根据给定的总和生成30个随机数

Question

I am working on a report in C# in which I am given a total number of prints a department printed and I have to distribute them according to the month date that on 1st March 10 papers are printed out and so on to 31st March.

I have a form which takes the total print outs count. I have a Month Selector.

From Month I get the total days which is total numbers to be generated eg: 30 or 31 or 28

Scenario :

In the month of March 2000 Prints outs Total Sum of Month : 2000 Numbers to be generated : 31

this is my code

        int sum = 2345;
        int nums = 23;
        Random rand = new Random();
        int newNum = 0;
        int[] ar = new int[23];
        for (int i = 0; i < nums; i++)
        {
            newNum = rand.Next(0, sum);
            ar[i] = newNum;
            sum = sum - newNum;
        }
        for (int i = 0; i < 23 ; i++)
        {
            Console.WriteLine(ar[i]);

        }
        Console.ReadLine();

what happens is in the ending numbers it goes to zero . I want Normally distributed like on one index it stores the maximum value at first and in the end it decreases.

We have a thrid party Ricoh Print/PhotoCopier Machine installed and third party bills us with certain amount which they have calculate that our department has printed 3000 printouts so we have to distribute them in the days randomly, print out the report and get payment invoice from our department head.
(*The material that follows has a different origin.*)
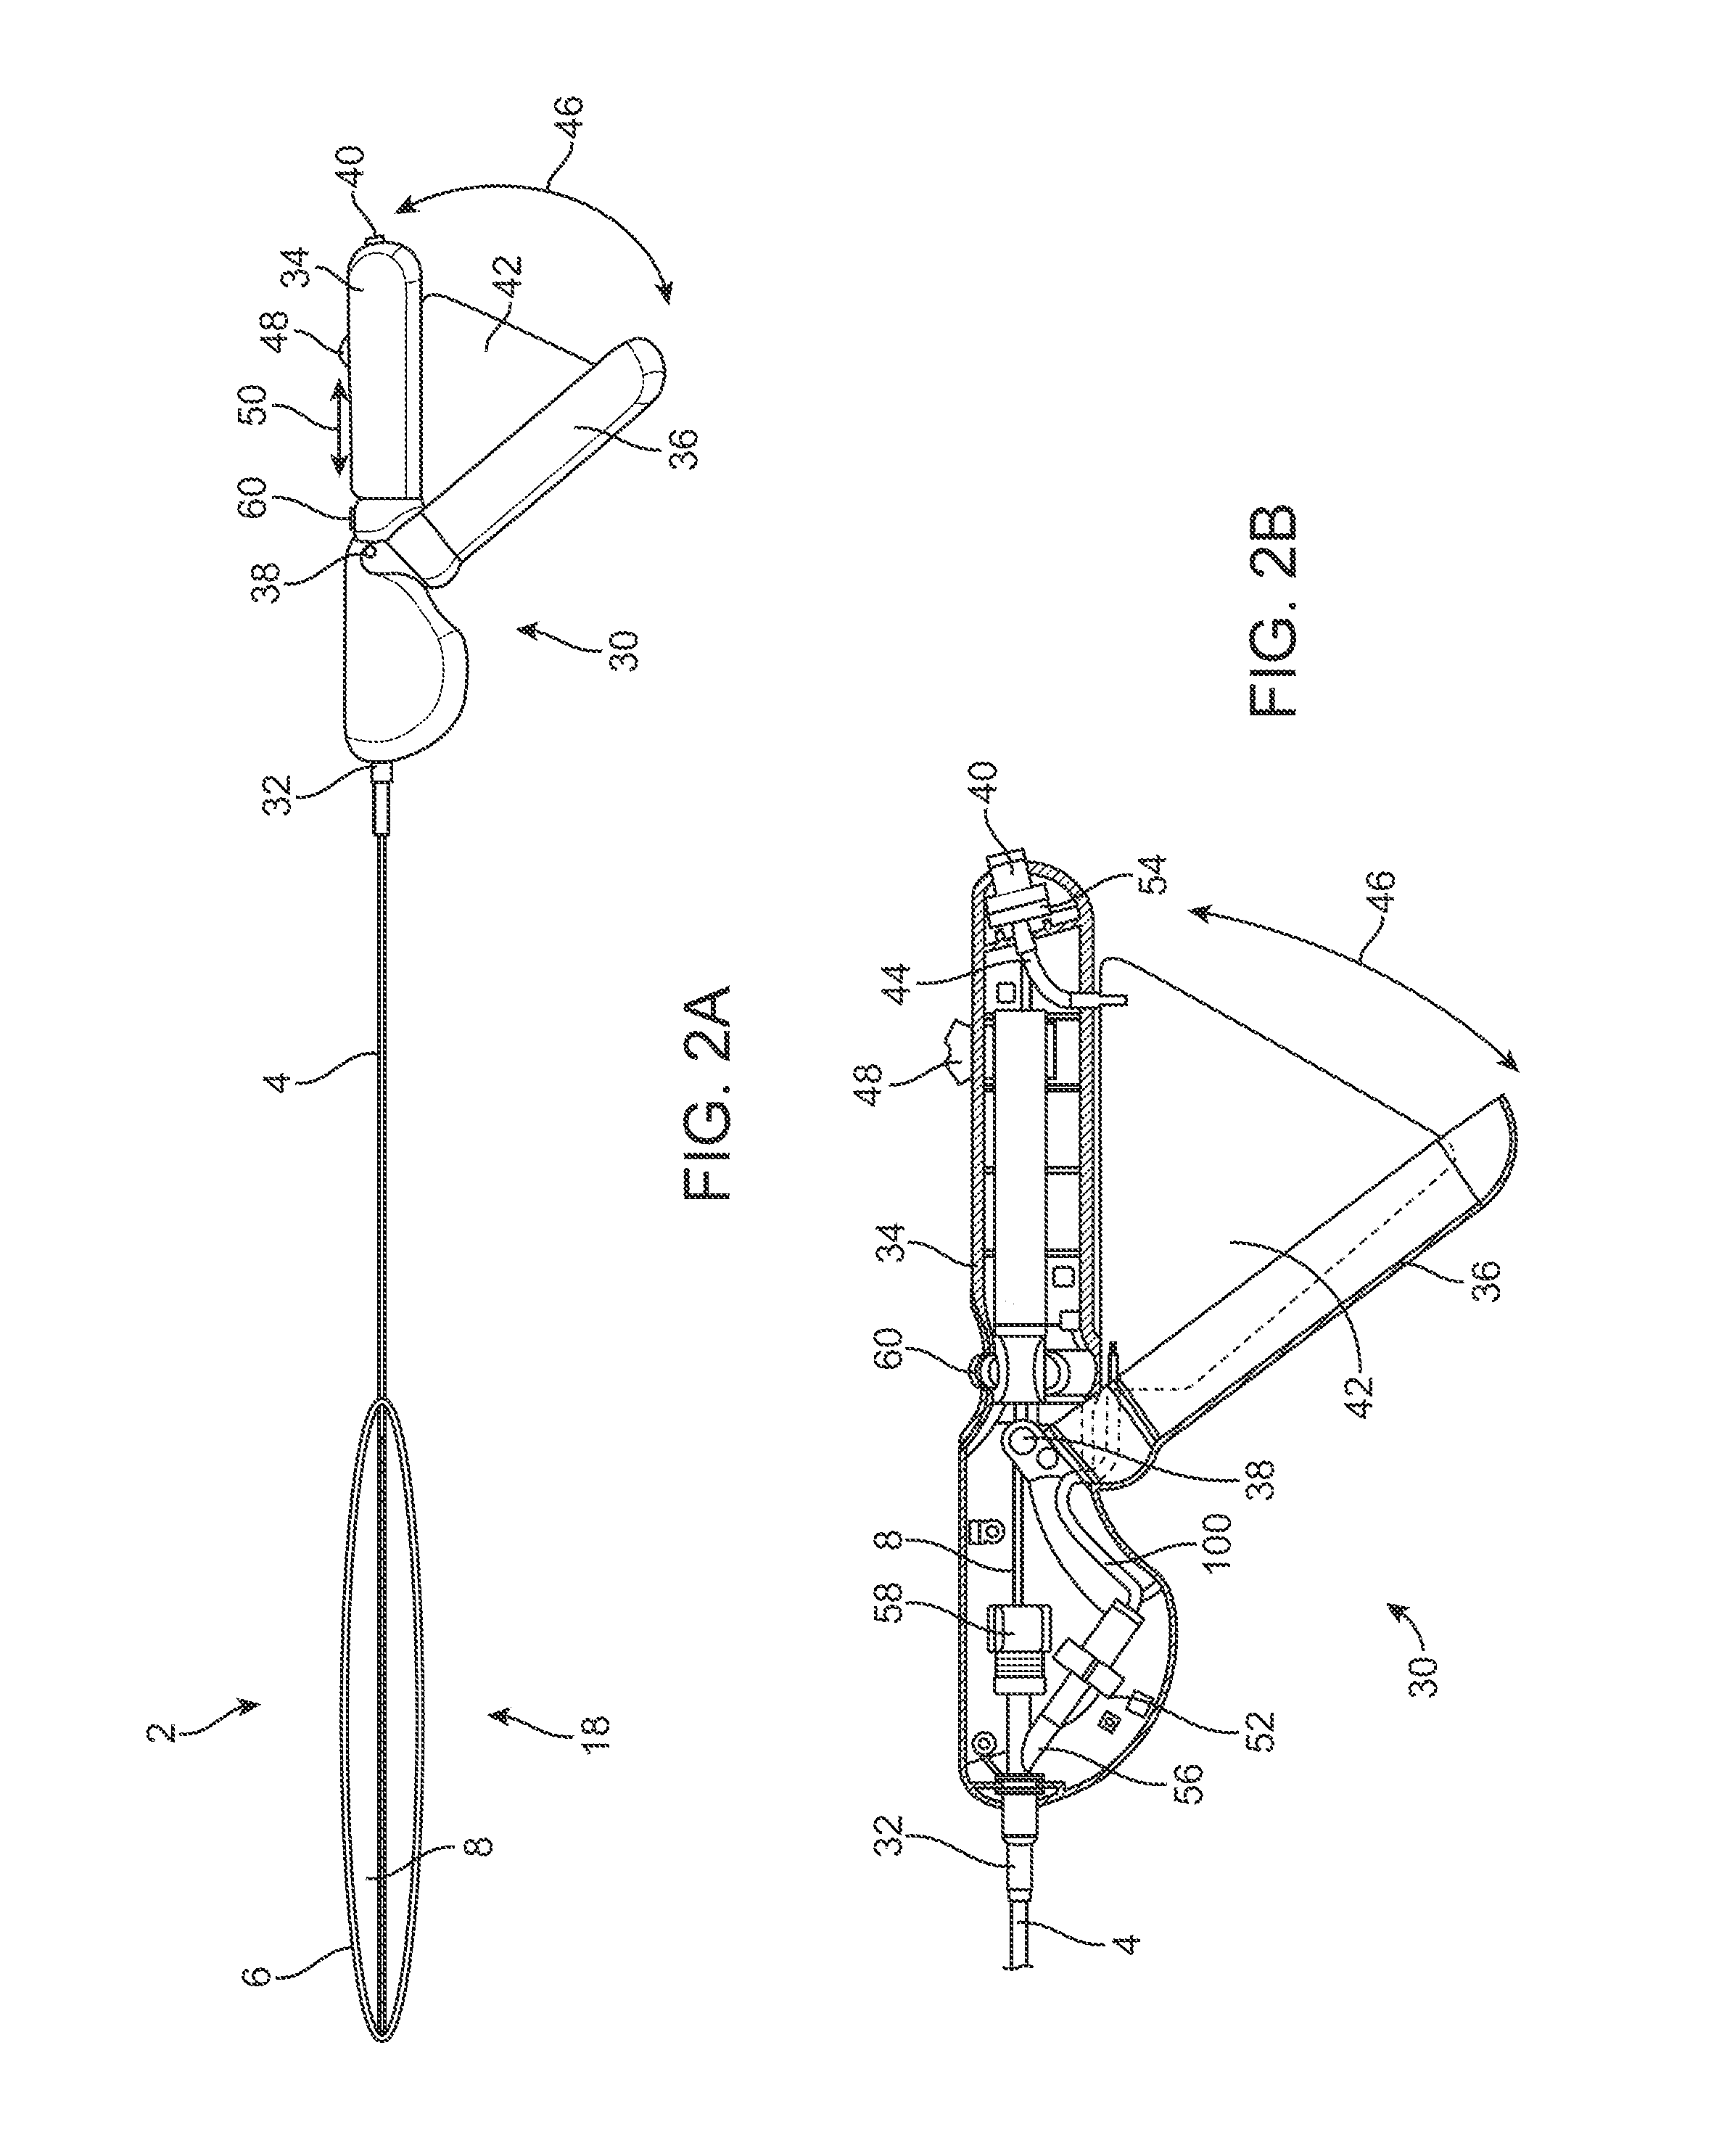 Apparatus and methods for accessing and sealing bodily vessels and cavities

The department people are doing it on excel I offered them to give them a solution. Windows form application is built and I just have to put this logic thats all.. Thank you for your feedbacks

Answer 1

You can do this easily with partitions. For a 4 day month that produced 10 things: generate 3 random numbers between 0 and 10 (inclusive). Sort them and append 10 to the list of numbers. So we have perhaps:

3 6 6 10

Which partitions our prints:

p p p | p p p | | p p p p

Answer 2

If you want to have 23 random numbers with sum of 2345, you can use this code:

        int sum = 2345;
        int nums = 23;
        int max = sum / nums;
        Random rand = new Random();
        int newNum = 0;
        int[] ar = new int[23];
        for (int i = 0; i < nums-1; i++) {
            newNum = rand.Next(max);
            ar[i] = newNum;
            sum-= newNum;
            max = sum / (nums-i-1);
        }
        ar[nums - 1] = sum;

It will give you:

Answer 3

Here is my idea for generating 30 random numbers with a specific sum:

int sum = 3000;
int size = 30; // assumes that (sum % size == 0)
int[] result = new int[size];
Random rand = new Random();
int x = sum / size;

for (int i = 0; i < size; i++)
{
    result[i] = x;
}

for (int i = 0; i < x; i++)
{
    var a = rand.Next(size - 1); // not sure if parameter is inclusive?
    var b = rand.Next(size - 1); // should return number between 0 and size-1 inclusively

    result[a]++;
    result[b]--;
}

int testSum = result.Sum(); // will equal "sum" (3000)

Lee Daniel Crocker linked to this , though, which I think is a better solution. Very neat and intuitive.